Outra novidade é a inclusão das meninas que chegaram aos 14 anos sem tomar a vacina ou que não completaram as duas doses indicadas. A estimativa é de que 500 mil adolescentes estejam nessa situação. Até o ano passado, a faixa etária para o público feminino era de 9 a 13 anos.

Desde a incorporação da vacina no Calendário Nacional, em 2014, já foram imunizadas 5,7 milhões de meninas com a segunda dose, completando o esquema vacinal. Este quantitativo corresponde a 46% do total de brasileiras nesta faixa etária.

“É muito importante que os pais tenham a consciência de que a vacinação começa na infância, mas deve ser continuada na adolescência. Pais e responsáveis devem ter, com os adolescentes, a mesma preocupação que têm com as crianças. A proteção vai ser muito maior se nós ampliarmos, cada vez mais, o calendário de vacinação da nossa população”, ressaltou a coordenadora do Programa Nacional de Imunizações do Ministério da Saúde, Carla Domingues.

A vacina

O esquema vacinal para os meninos será de duas doses, com seis meses de intervalo entre elas. Para os que vivem com HIV, a faixa etária é mais ampla (9 a 26 anos) e o esquema vacinal é de três doses (intervalo de 0, 2 e 6 meses). No caso dos portadores de HIV, é necessário apresentar prescrição médica.
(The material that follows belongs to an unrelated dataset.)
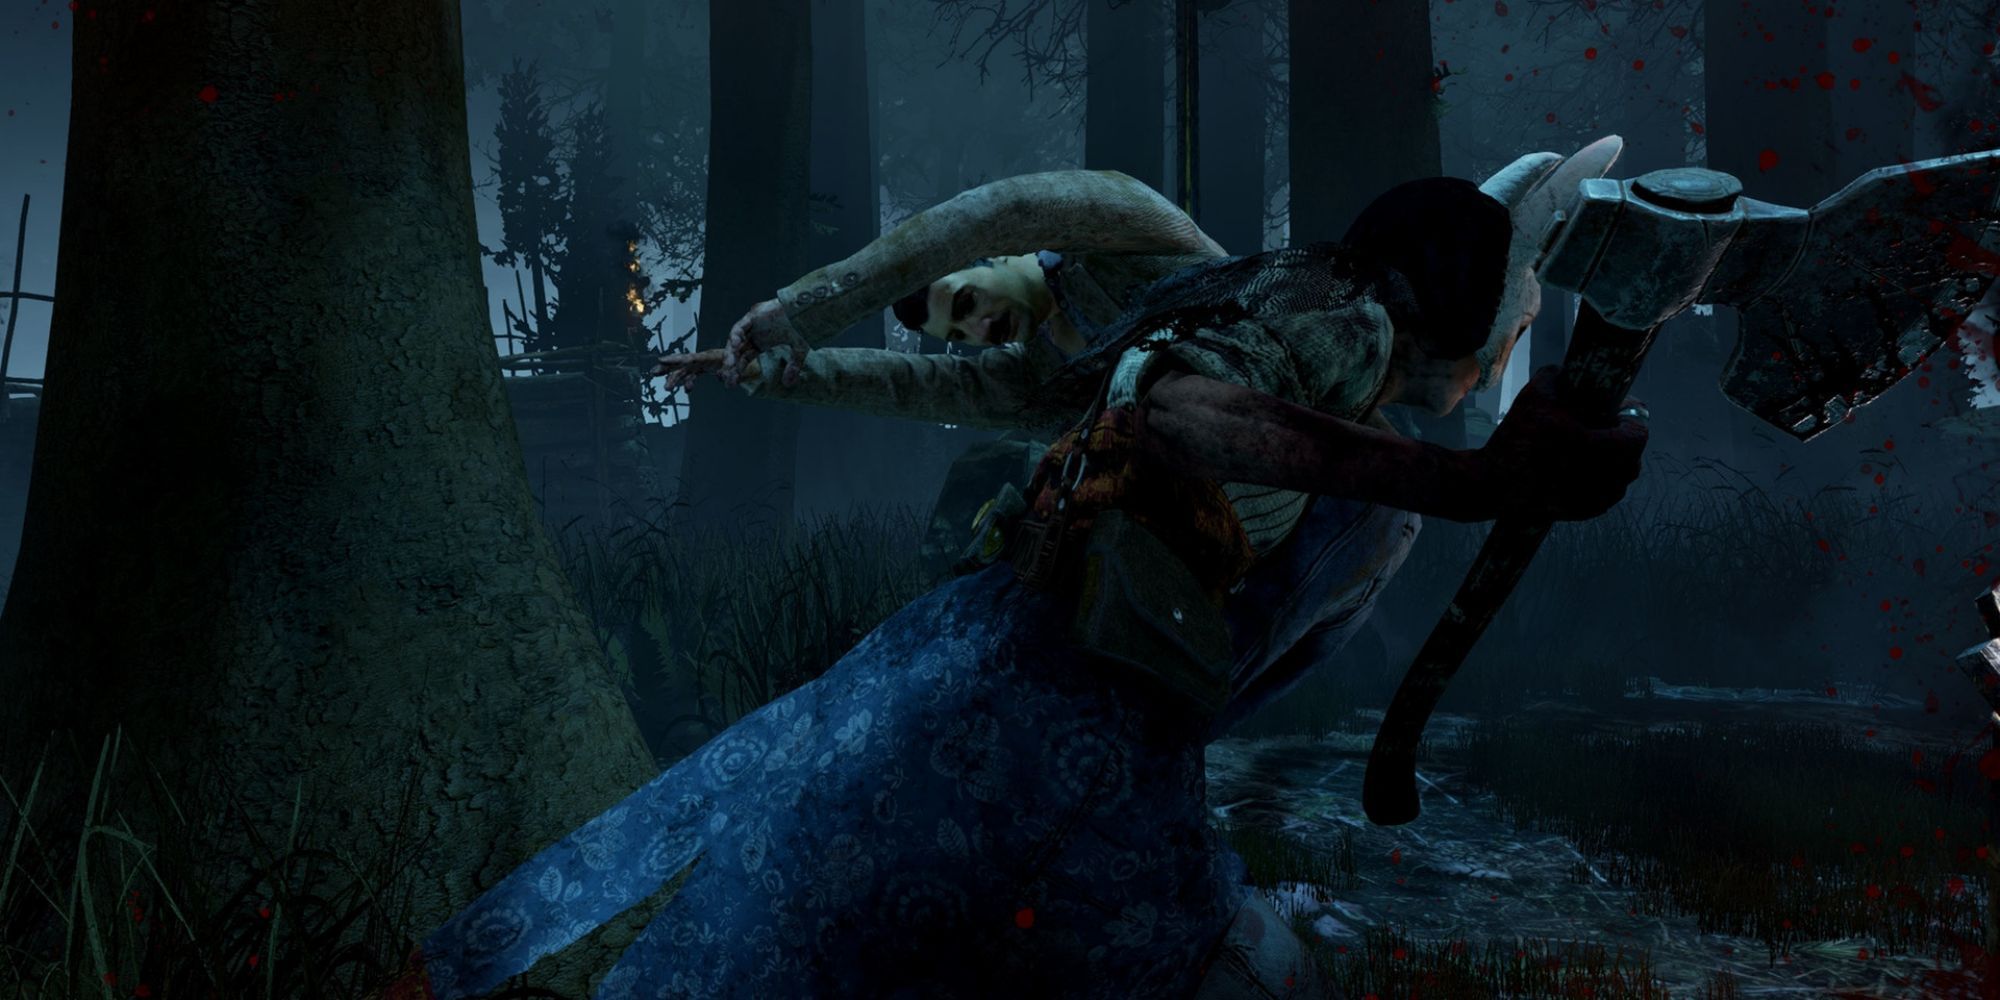 Huntress charging in Dead by Daylight

Atualmente, a vacina HPV para meninos é utilizada como estratégia de saúde pública em seis países (Estados Unidos, Austrália, Áustria, Israel, Porto Rico e Panamá).

O Brasil assegura a sétima posição e a vanguarda na América Latina. A vacina é totalmente segura e aprovada pelo Conselho Consultivo Global sobre Segurança de Vacinas da Organização Mundial de Saúde (OMS).

A vacina disponibilizada para os meninos será a quadrivalente, que já é oferecida desde 2014 pelo SUS para as meninas. Ela confere proteção contra quatro subtipos do vírus HPV (6, 11, 16 e 18), com 98% de eficácia para quem segue corretamente o esquema vacinal.

Meninas

Nas meninas, o principal foco da vacinação é proteger contra o câncer de colo do útero, vulva, vaginal e anal; lesões pré-cancerosas; verrugas genitais e infecções causadas pelo vírus.

O HPV é transmitido pelo contato direto com pele ou mucosas infectadas por meio de relação sexual. Também pode ser transmitido de mãe para filho no momento do parto.

Estimativas da OMS indicam que 290 milhões de mulheres no mundo são portadoras do vírus, sendo 32% infectadas pelos tipos 16 e 18.

Em relação ao câncer do colo do útero, estudos apontam que 265 mil mulheres morrem devido à doença em todo o mundo, anualmente. No Brasil, o Instituto Nacional do Câncer estima 16 mil novos casos.

Vale ressaltar ainda que os cânceres de garganta e de boca são o 6º tipo de câncer no mundo, com 400 mil casos ao ano e 230 mil mortes. Além disso, mais de 90% dos casos de câncer anal são atribuíveis à infecção pelo HPV.